# Bosch 1581vs jig saw



## sep2126 (Dec 1, 2016)

Hi all - Just found a deal near me for an old Bosch jig saw 1581vs. From what I can tell from googling - this is a pretty old tool (late 80s / early 90s) - but I get the sense that it was pretty well respected in its time. The saw is on sale for just $20 - so seems like a good deal. 

What I'm trying to figure out - should I get this saw or am I better off going with a newer, cheap model like the Black and Decker 5 amp jig saw you can get brand new on Amazon for $30? Any advice is much appreciated.


----------



## coxhaus (Jul 18, 2011)

I have a real old Dewalt and the blades seem to be hard to find. I rarely use it now days so it could be me. Did they change the jigsaw blades style?


----------



## tomp913 (Mar 7, 2014)

I have a Bosch of about the same vintage except the barrel body model. It is a great saw, smooth and still cuts to a straight line. If the saw is in good condition, I wouldn't hesitate buying it - although it may be worth looking at the availability of replacement parts. Couldn't give you a hint on parts though as I haven't done anything to mine except clean it off occasionally.


----------



## BrianS (Nov 7, 2004)

Hi, . Welcome to our little corner of the 'net.

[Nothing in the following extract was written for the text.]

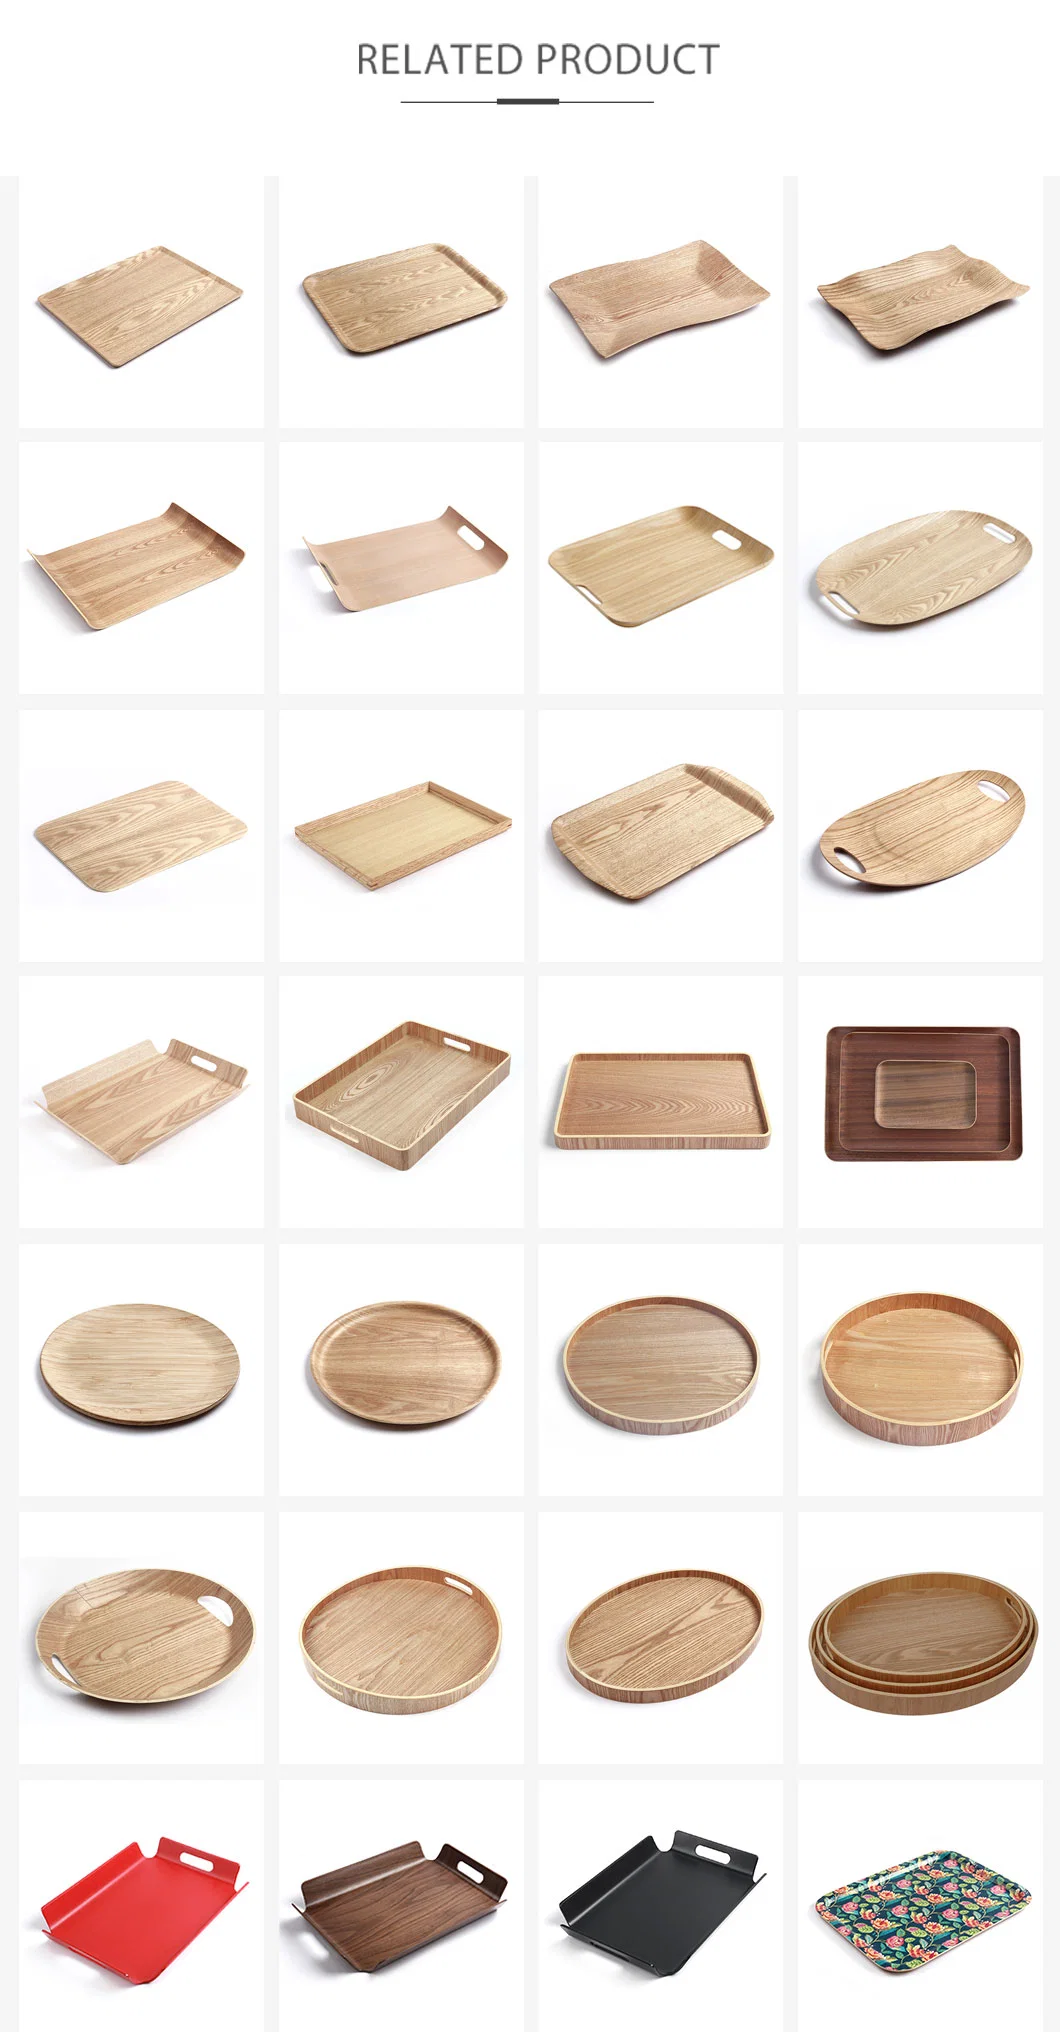 Oval Wooden Dinnerware Tabletop Cup Non-Disposable Hotel Set Gift Holder Serving Tray of 3PCS

I personally would not touch the black and decker, at any price. The "pretty old tool" will cut circles around it IMHO. I have a similar one, not sure of the model atm, but mine does not have the top handle, and it performs flawlessly.


----------



## Cherryville Chuck (Sep 28, 2010)

Hi and welcome. I agree with Brian. It's like the difference between a toy and a tool. Even as old as it is it might outlast a new B & D. Just make sure it doesn't use some odd ball blade type.


----------



## Stick486 (Jan 4, 2013)

it uses current blades..
take your pick...
parts are still available...


----------



## coxhaus (Jul 18, 2011)

If it uses current blades it sounds like a good deal. I will trade you my old Dewalt for it.


----------



## Stick486 (Jan 4, 2013)

coxhaus said:


> If it uses current blades it sounds like a good deal. I will trade you my old Dewalt for it.

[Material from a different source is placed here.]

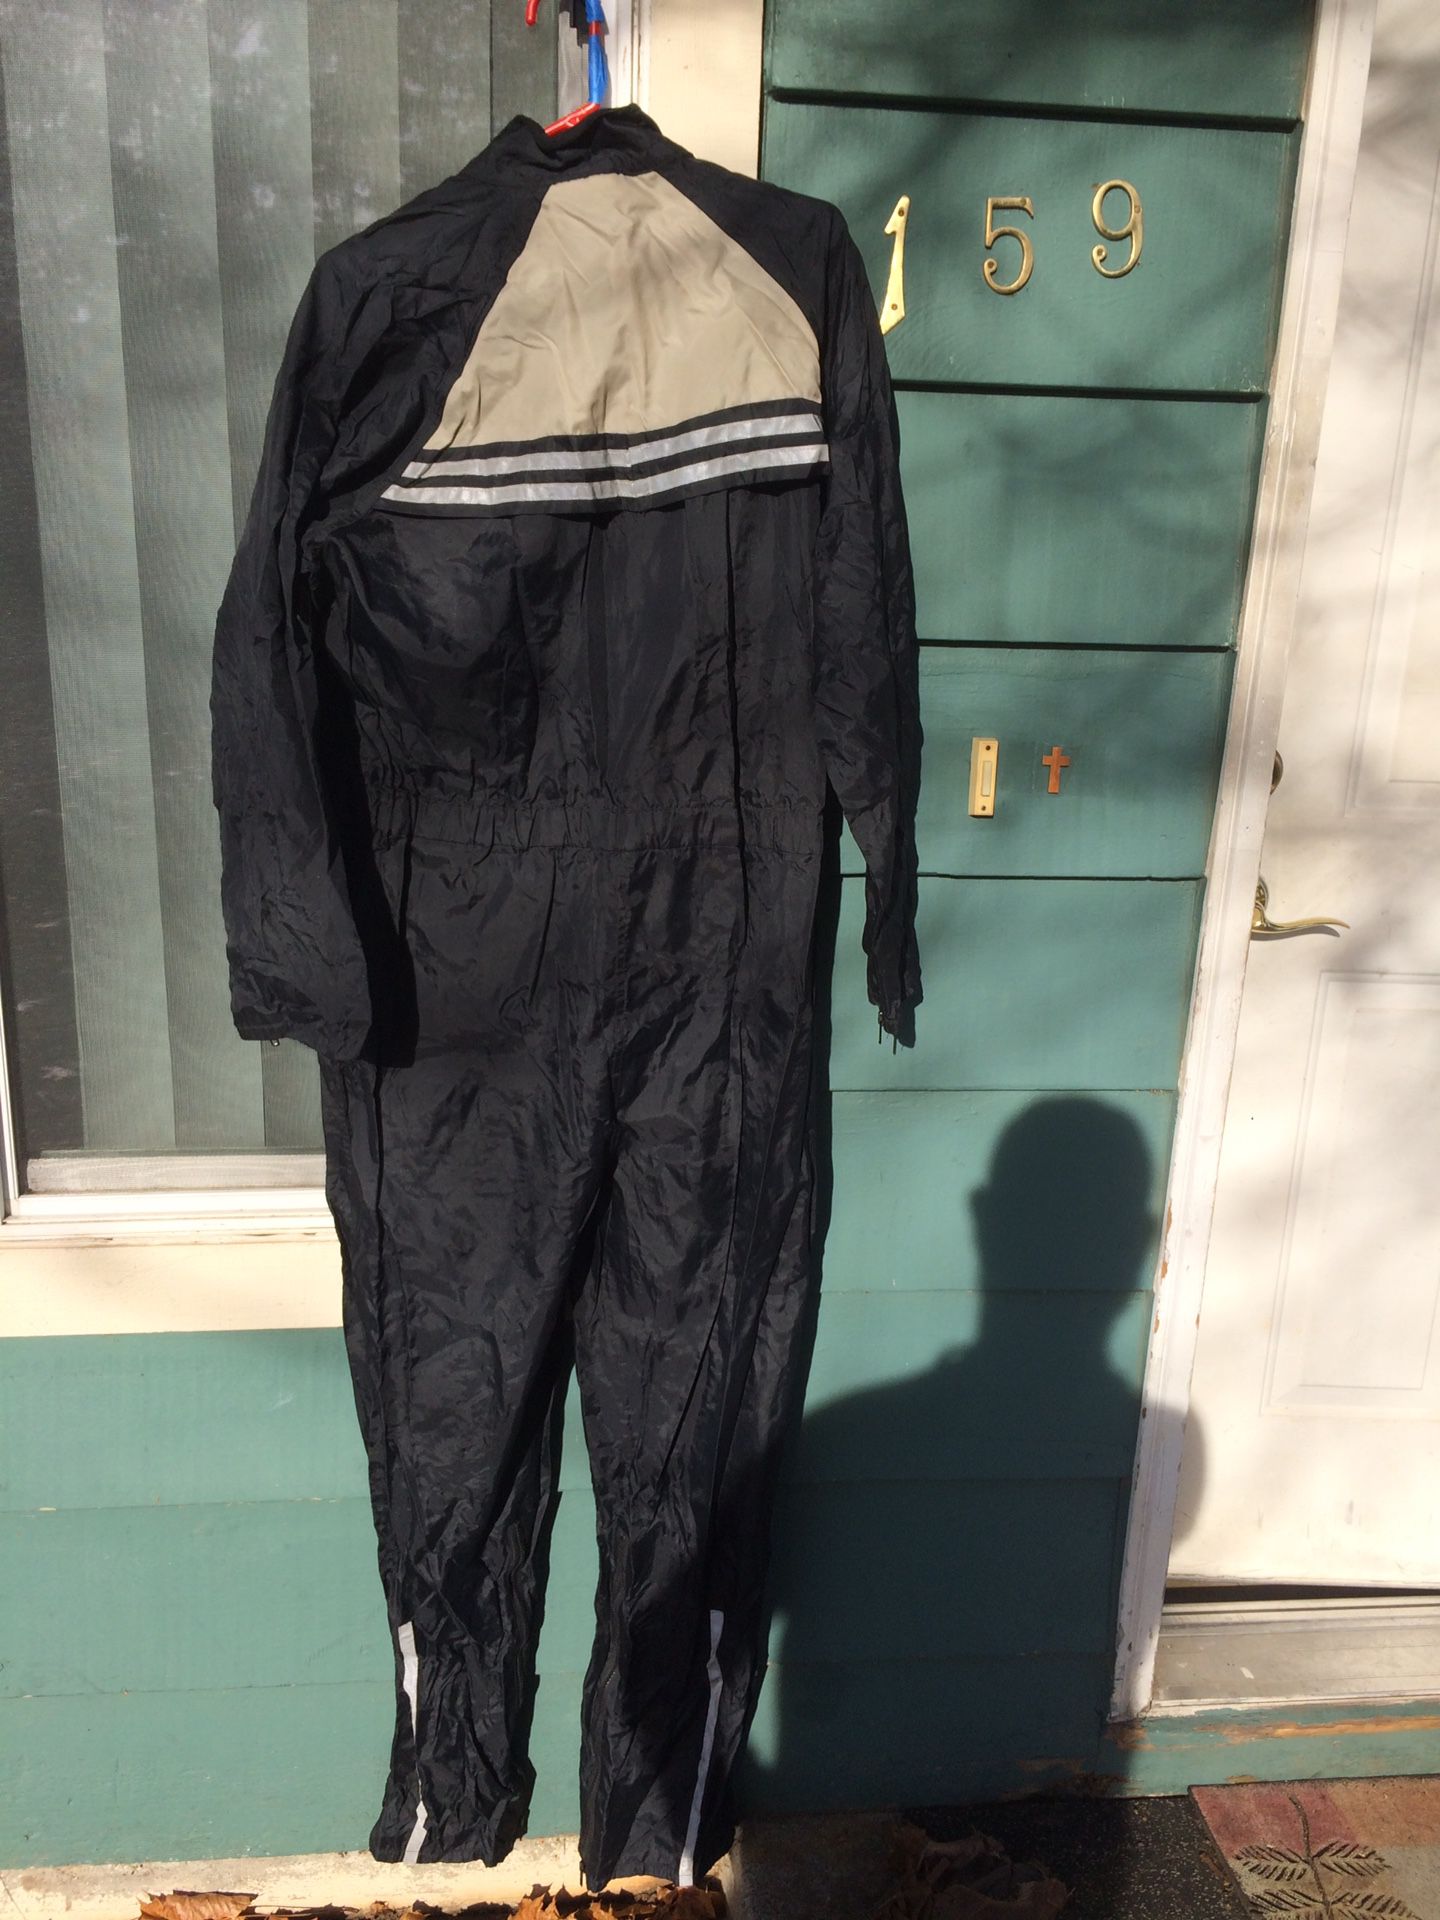 Old Nylon not Goretex snowmobiler or off roader motorcycling suit 15$

I have that saw and it takes current blades...
lots of parts too...
Bosch 1581VS Parts List and Diagram - (0601581534) : eReplacementParts.com

you can keep your DW...
gots no use for it...


----------



## coxhaus (Jul 18, 2011)

Aw come on Stick. Don't you secretly want an old Dewalt jigsaw?


----------



## Stick486 (Jan 4, 2013)

coxhaus said:


> Aw come on Stick. Don't you secretly want an old Dewalt jigsaw?


the tools aren't bad...
it's the company and their CS that sucks...


----------



## Tiny (Aug 12, 2012)

Bosch professional tools the blue line are top quality. Also theyr vintage tools are good. I hava a drill from the late 1960' and the only thing it needs is the carbon for the contactor. The green line I wouldnt touch.


----------